But I digress. Any of you who know me, know that I ALWAYS digress. I won't apologize because to do so would be disingenuous. You should only apologize for things that you are really sorry for, and if you are really sorry, you shouldn't keep doing them. As you can see, I digressed again, so clearly, I am not that sorry.
Also, those who know me will vouch for the aforementioned judgyness. I believe the tangents have enough intrinsic charm to offset the overbearing judgmental nature of whatever point I am making somewhere amongst the ramblings. I personally don't see myself as judgmental at all; I just have taste and the need to express that taste. Spew taste? Ooze taste? Better than oozing pus, but not as good as oozing sexuality.
Another thing about me, I HATE to read what I have written, so I just don't: First Draft = Final Product. If I don't catch an error right away, I will never see it. Not ever. Sometimes those close to me will insist on fixing things, and I let them because by then I have lost interest. The point is, don't expect me to ever read my own blog. Only a loser would read this tripe. (I love tripe, by the way, and miss the tripe soup at old Leshkos at 7th and A. You know, it was about $1.25 for a nice-sized cup.)
I also do know English grammar and the correct use of a comma (I do prefer to use serial commas), but I also enjoy taking liberties to season my prose.
Now that I have given you the basics, my gentle reader (I assume you are gentle. Perhaps you enjoy stepping on kittens. How the hell am I supposed to know that? Do I look like Kreskin?) I will give you a little background on my clothing philosophy.
We live in a society where we are figuratively "up to our elbows" in other people. Here in New York the people are thick as flies, so they are everywhere you turn. You can't leave your home without seeing people, and, unless you are conveniently blind (I am not worried about offending the blind, since this is not a blog-on-tape.
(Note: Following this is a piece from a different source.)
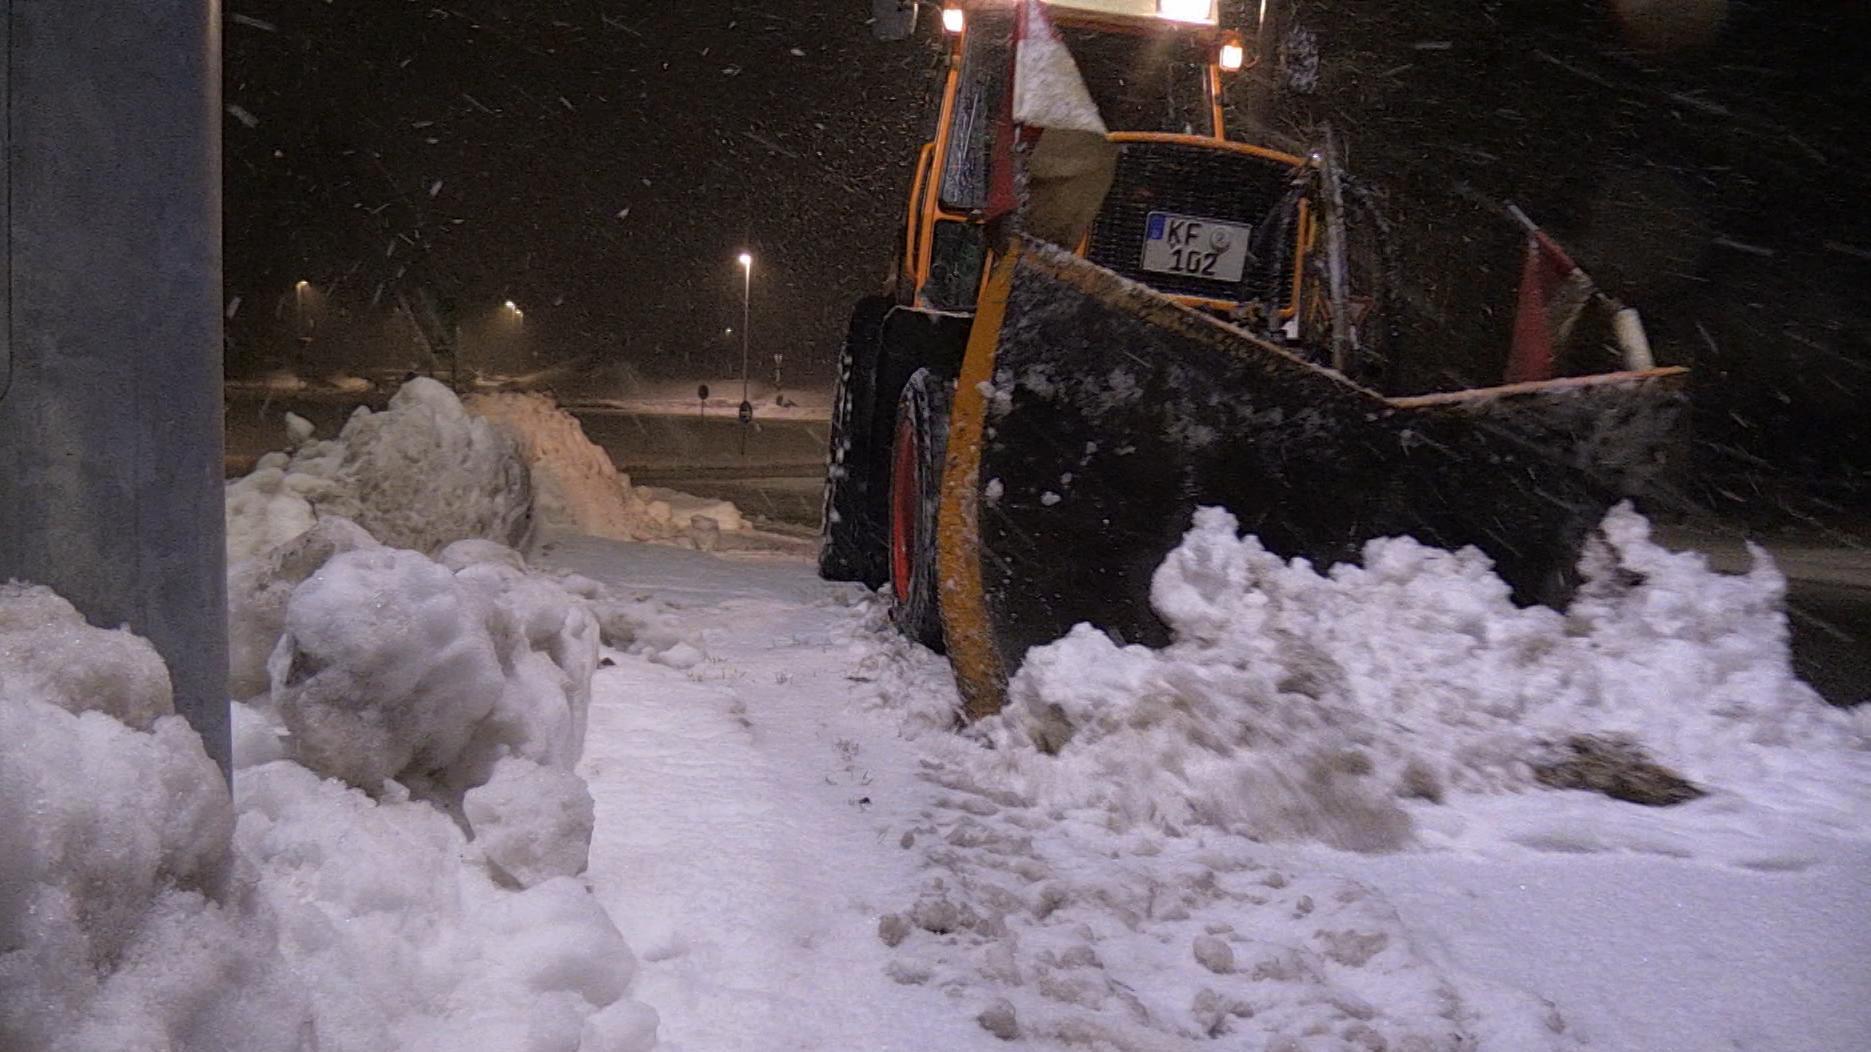 Schnee-Alarm: Schulen im Allgäu dicht, A8 gesperrt

If you are reading this to a blind person as part of your community service, please skip over this whole part.) you have to look at them constantly. You can try looking down all the time, but then you are bound to start bumping into them and that is just plain rude. Wouldn't you prefer that all the people you have to see all day long were attractive? Nature provides a heap of variation when it comes to appearance, so not everyone can be pretty. We all know it's true, even though we know we shouldn't say it. You know your neighborhood sure has a lot of ugly people in it. The one thing people can do to counter any shortfall that their genetics may have dealt them is to make an effort to be well-groomed and well-dressed. We can't control our genes, and most of us can't afford surgery (and most plastic surgery gives you tranny-face, which is its own kind of unattractive. You know who you are and what you have opted to do to yourself. And you know damn well what tranny-face is, and that a: not all trannies have it, and b: plenty of real women get enough surgery to have it.) (Should I point out here that I also love parentheticals to excess, so you better stay sharp and focused when you are reading or you will be hopelessly left behind? You get that by now, right? Do you remember the sentence that is still going on? Perhaps you should look back now to refresh yourself.) but we can control how we dress and present ourselves to the rest of the world. I expect everyone to at least TRY so my day is just that much more pleasant. I therefore feel that I must do my best to make myself as aesthetically pleasing as possible to others. It's only fair. Wearing sweatpants and flip-flops says, "I've given up." If you have given up, the just own it and stay home.
|If you look like this, I don't want to know about it.|
Does that cover everything? Probably not, but I am getting bored writing, so you must be getting bored reading it.
On a final note: if you are having trouble following my convoluted style, I recommend using a highlighter on your monitor.